If this wasnt the case then there wouldnt be a social anxiety, if it had nothing to do with people and how you feel you measure up to others, it would just be general anxiety. this is obvious. the fact is percific, means you ahve a starting point.

social anxiety is a illness due to many years of low self esteem and this is the anxiety is a physical manifestation of that. this is also obvious.

with social anxeity, you cant just tackle it head on, you have to do it in stages and taking care of different issues at different times.

for me, social anxeity occuered when i had a very high self esteem, but due to alot of let downs from people i was close to, this made me question my high self esteem, and question the very person i was. for example, yeh i think im a good person, but if no one else does, how can i justify that im a good person?

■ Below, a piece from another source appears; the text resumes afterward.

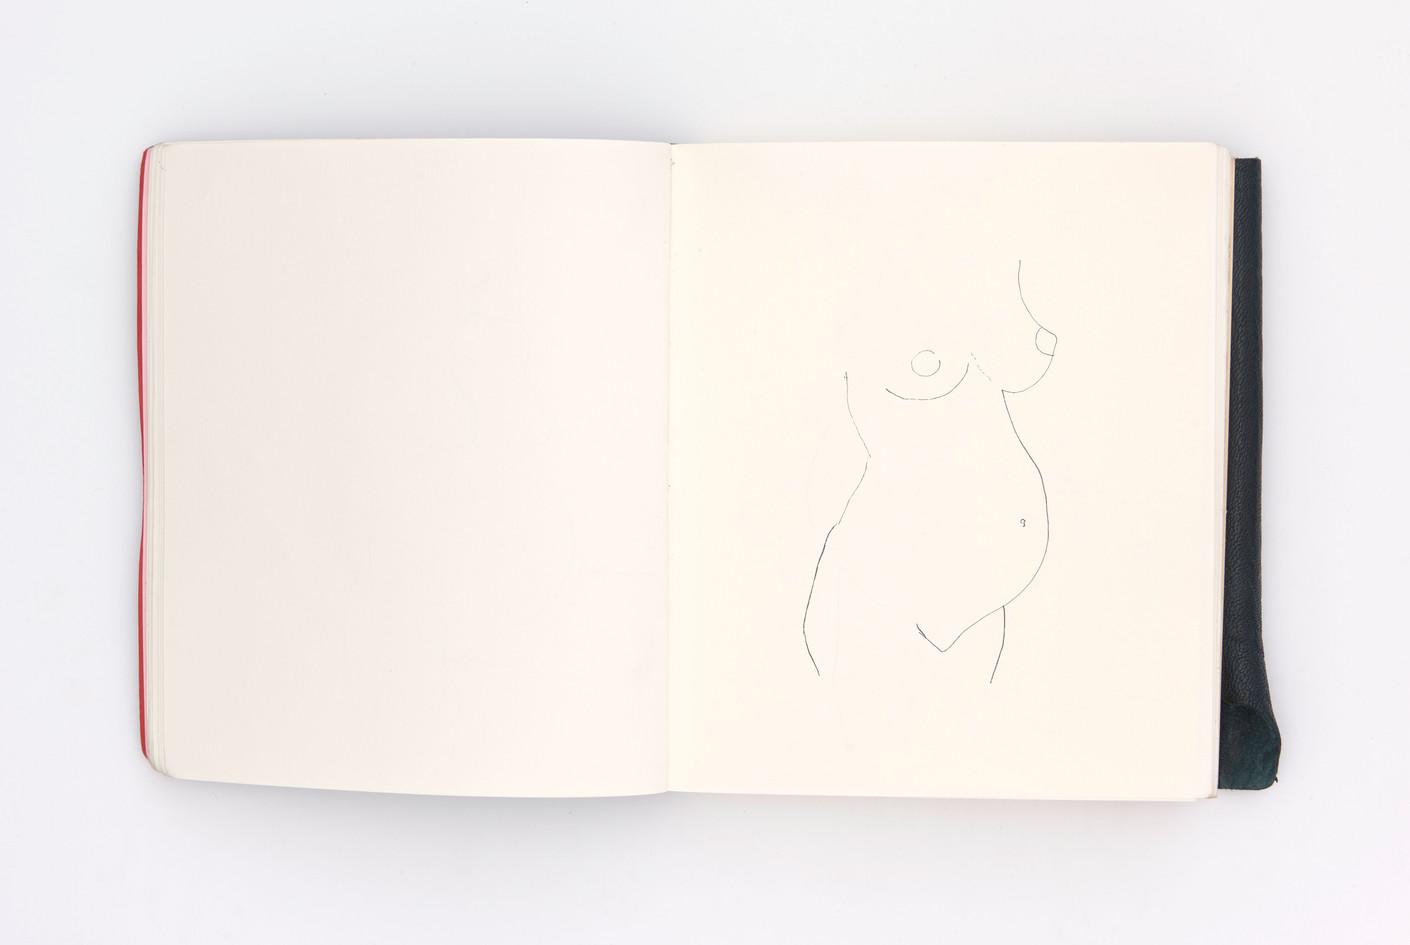 LargerBook-012.jpg

i pretty much over analysed everything that was going on around me till i made eevrything a negative reflection of myself for example, if someone didnt choose the empty seat next to me to sit on, and sat in the one behind me, i would think (stupid now lol) that i must look wierd or give out negative vibes, thats why they didnt choose my seat. its almost as if you are looking for ques in the enviournment to back up your negative believes about urself all the time!! with abit of age and abit of wising up, i just realised its a fucking seat...and if you think in the reverse, when looking for a seat on the bus, do u really have time to examine the people that much u can work out their personalitys by their body language? no.

its absalutly mental and extrodinary how many of your own social explainations you come up with for behaviour when your in a bad frame of mind, and your thinking as the introverted that this is literally what u think about all the time. its horriable, but also very real to the person who is going through it.

But thank of life is. which i think was madeups point is that. you can either sit and anaylse the fuck out of everything other people do, to explain your own behaviour eg they dont speak to me = they dont like me = i must be a bad person. or you can do what most of the population do, and make up your own mind about things not based on enviournmental ques all the time. eg if someone dont speak to you, your not bothered because you got your own shit to think about, your not so wrapped up in how they feel about you, to overlook how u feel about urself and you come to realise yeh, you may of said something last week that offended them, but if there not willing to talk to you about it to get it sorted, they obv dont care about u anyways, so why would u care what someone, who doesnt care about you think of you?. summed up. you decide how your going to feel today, not jo, dick and harry.

to tackle social anxiety, you need to learn and work out for urselfs the stuff i just been saying, think about why u do certain things, for example the seat on the bus scenario. to help you understand other peoples motives. because although were all different, stuff like that, were not that different. yeh some people wont sit next to you because they think you look skanky or soemthing lol but thats like 1% of people, and you wont know this anyways, so it wont even effect you.

so dont think right im not going to be shy today, because ull give urself a stress attack, just tackle one thing at a time, and let the rest fall into place.